**Task requirements**
Output the whole listing with nothing altered.

**Given data**
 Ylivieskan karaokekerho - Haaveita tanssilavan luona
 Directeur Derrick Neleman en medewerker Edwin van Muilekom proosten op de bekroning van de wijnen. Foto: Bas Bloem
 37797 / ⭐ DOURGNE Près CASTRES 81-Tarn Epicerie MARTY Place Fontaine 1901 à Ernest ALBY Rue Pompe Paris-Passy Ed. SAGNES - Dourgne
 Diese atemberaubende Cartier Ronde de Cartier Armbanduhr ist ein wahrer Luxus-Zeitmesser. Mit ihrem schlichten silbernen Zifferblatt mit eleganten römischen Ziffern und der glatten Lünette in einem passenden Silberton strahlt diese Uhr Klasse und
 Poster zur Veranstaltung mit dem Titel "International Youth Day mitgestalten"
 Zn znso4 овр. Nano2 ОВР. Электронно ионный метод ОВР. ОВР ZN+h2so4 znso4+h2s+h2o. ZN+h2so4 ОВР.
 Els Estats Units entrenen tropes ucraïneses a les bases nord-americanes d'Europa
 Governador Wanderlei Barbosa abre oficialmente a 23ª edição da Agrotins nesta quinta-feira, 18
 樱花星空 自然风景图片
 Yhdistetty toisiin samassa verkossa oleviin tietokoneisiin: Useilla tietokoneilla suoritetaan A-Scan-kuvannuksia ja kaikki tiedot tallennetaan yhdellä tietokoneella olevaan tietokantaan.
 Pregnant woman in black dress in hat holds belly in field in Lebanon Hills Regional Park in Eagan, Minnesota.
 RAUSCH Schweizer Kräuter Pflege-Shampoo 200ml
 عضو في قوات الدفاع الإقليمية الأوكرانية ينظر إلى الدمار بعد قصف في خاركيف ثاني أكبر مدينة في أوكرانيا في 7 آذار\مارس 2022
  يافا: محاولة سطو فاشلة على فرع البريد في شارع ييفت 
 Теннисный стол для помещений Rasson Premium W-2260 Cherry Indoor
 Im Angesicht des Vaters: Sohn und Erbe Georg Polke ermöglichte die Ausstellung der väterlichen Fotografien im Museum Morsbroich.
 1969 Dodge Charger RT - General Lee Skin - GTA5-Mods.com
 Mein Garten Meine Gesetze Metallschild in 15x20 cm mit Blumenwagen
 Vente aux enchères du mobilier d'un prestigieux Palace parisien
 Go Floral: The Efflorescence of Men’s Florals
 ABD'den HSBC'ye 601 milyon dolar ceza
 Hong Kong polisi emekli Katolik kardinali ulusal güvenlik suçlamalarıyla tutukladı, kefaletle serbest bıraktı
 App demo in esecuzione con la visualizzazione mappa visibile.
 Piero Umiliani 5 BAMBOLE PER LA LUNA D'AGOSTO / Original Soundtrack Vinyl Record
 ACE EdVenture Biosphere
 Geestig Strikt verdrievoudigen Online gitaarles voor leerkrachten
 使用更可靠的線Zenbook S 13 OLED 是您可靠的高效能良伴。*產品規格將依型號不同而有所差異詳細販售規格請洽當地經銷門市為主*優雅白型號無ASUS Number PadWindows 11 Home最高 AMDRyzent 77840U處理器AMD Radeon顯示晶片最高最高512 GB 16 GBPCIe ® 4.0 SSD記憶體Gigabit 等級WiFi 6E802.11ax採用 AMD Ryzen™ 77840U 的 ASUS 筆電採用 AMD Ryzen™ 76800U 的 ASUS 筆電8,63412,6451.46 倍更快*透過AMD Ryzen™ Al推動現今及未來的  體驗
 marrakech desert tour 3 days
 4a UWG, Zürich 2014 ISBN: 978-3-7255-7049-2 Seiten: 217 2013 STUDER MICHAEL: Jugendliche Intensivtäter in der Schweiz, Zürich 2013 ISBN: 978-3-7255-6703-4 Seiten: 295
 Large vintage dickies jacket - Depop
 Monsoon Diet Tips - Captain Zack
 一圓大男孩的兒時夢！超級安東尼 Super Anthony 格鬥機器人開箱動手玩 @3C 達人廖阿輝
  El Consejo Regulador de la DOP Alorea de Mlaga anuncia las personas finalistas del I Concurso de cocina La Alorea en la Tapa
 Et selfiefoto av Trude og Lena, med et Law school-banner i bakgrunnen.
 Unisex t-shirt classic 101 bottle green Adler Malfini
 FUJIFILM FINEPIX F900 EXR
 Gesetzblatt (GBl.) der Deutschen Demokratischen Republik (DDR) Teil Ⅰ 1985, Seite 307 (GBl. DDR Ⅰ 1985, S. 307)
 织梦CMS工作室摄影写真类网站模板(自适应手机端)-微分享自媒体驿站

**Expected output**
 Ylivieskan karaokekerho - Haaveita tanssilavan luona
 Directeur Derrick Neleman en medewerker Edwin van Muilekom proosten op de bekroning van de wijnen. Foto: Bas Bloem
 37797 / ⭐ DOURGNE Près CASTRES 81-Tarn Epicerie MARTY Place Fontaine 1901 à Ernest ALBY Rue Pompe Paris-Passy Ed. SAGNES - Dourgne
 Diese atemberaubende Cartier Ronde de Cartier Armbanduhr ist ein wahrer Luxus-Zeitmesser. Mit ihrem schlichten silbernen Zifferblatt mit eleganten römischen Ziffern und der glatten Lünette in einem passenden Silberton strahlt diese Uhr Klasse und
 Poster zur Veranstaltung mit dem Titel "International Youth Day mitgestalten"
 Zn znso4 овр. Nano2 ОВР. Электронно ионный метод ОВР. ОВР ZN+h2so4 znso4+h2s+h2o. ZN+h2so4 ОВР.
 Els Estats Units entrenen tropes ucraïneses a les bases nord-americanes d'Europa
 Governador Wanderlei Barbosa abre oficialmente a 23ª edição da Agrotins nesta quinta-feira, 18
 樱花星空 自然风景图片
 Yhdistetty toisiin samassa verkossa oleviin tietokoneisiin: Useilla tietokoneilla suoritetaan A-Scan-kuvannuksia ja kaikki tiedot tallennetaan yhdellä tietokoneella olevaan tietokantaan.
 Pregnant woman in black dress in hat holds belly in field in Lebanon Hills Regional Park in Eagan, Minnesota.
 RAUSCH Schweizer Kräuter Pflege-Shampoo 200ml
 عضو في قوات الدفاع الإقليمية الأوكرانية ينظر إلى الدمار بعد قصف في خاركيف ثاني أكبر مدينة في أوكرانيا في 7 آذار\مارس 2022
  يافا: محاولة سطو فاشلة على فرع البريد في شارع ييفت 
 Теннисный стол для помещений Rasson Premium W-2260 Cherry Indoor
 Im Angesicht des Vaters: Sohn und Erbe Georg Polke ermöglichte die Ausstellung der väterlichen Fotografien im Museum Morsbroich.
 1969 Dodge Charger RT - General Lee Skin - GTA5-Mods.com
 Mein Garten Meine Gesetze Metallschild in 15x20 cm mit Blumenwagen
 Vente aux enchères du mobilier d'un prestigieux Palace parisien
 Go Floral: The Efflorescence of Men’s Florals
 ABD'den HSBC'ye 601 milyon dolar ceza
 Hong Kong polisi emekli Katolik kardinali ulusal güvenlik suçlamalarıyla tutukladı, kefaletle serbest bıraktı
 App demo in esecuzione con la visualizzazione mappa visibile.
 Piero Umiliani 5 BAMBOLE PER LA LUNA D'AGOSTO / Original Soundtrack Vinyl Record
 ACE EdVenture Biosphere
 Geestig Strikt verdrievoudigen Online gitaarles voor leerkrachten
 使用更可靠的線Zenbook S 13 OLED 是您可靠的高效能良伴。*產品規格將依型號不同而有所差異詳細販售規格請洽當地經銷門市為主*優雅白型號無ASUS Number PadWindows 11 Home最高 AMDRyzent 77840U處理器AMD Radeon顯示晶片最高最高512 GB 16 GBPCIe ® 4.0 SSD記憶體Gigabit 等級WiFi 6E802.11ax採用 AMD Ryzen™ 77840U 的 ASUS 筆電採用 AMD Ryzen™ 76800U 的 ASUS 筆電8,63412,6451.46 倍更快*透過AMD Ryzen™ Al推動現今及未來的  體驗
 marrakech desert tour 3 days
 4a UWG, Zürich 2014 ISBN: 978-3-7255-7049-2 Seiten: 217 2013 STUDER MICHAEL: Jugendliche Intensivtäter in der Schweiz, Zürich 2013 ISBN: 978-3-7255-6703-4 Seiten: 295
 Large vintage dickies jacket - Depop
 Monsoon Diet Tips - Captain Zack
 一圓大男孩的兒時夢！超級安東尼 Super Anthony 格鬥機器人開箱動手玩 @3C 達人廖阿輝
  El Consejo Regulador de la DOP Alorea de Mlaga anuncia las personas finalistas del I Concurso de cocina La Alorea en la Tapa
 Et selfiefoto av Trude og Lena, med et Law school-banner i bakgrunnen.
 Unisex t-shirt classic 101 bottle green Adler Malfini
 FUJIFILM FINEPIX F900 EXR
 Gesetzblatt (GBl.) der Deutschen Demokratischen Republik (DDR) Teil Ⅰ 1985, Seite 307 (GBl. DDR Ⅰ 1985, S. 307)
 织梦CMS工作室摄影写真类网站模板(自适应手机端)-微分享自媒体驿站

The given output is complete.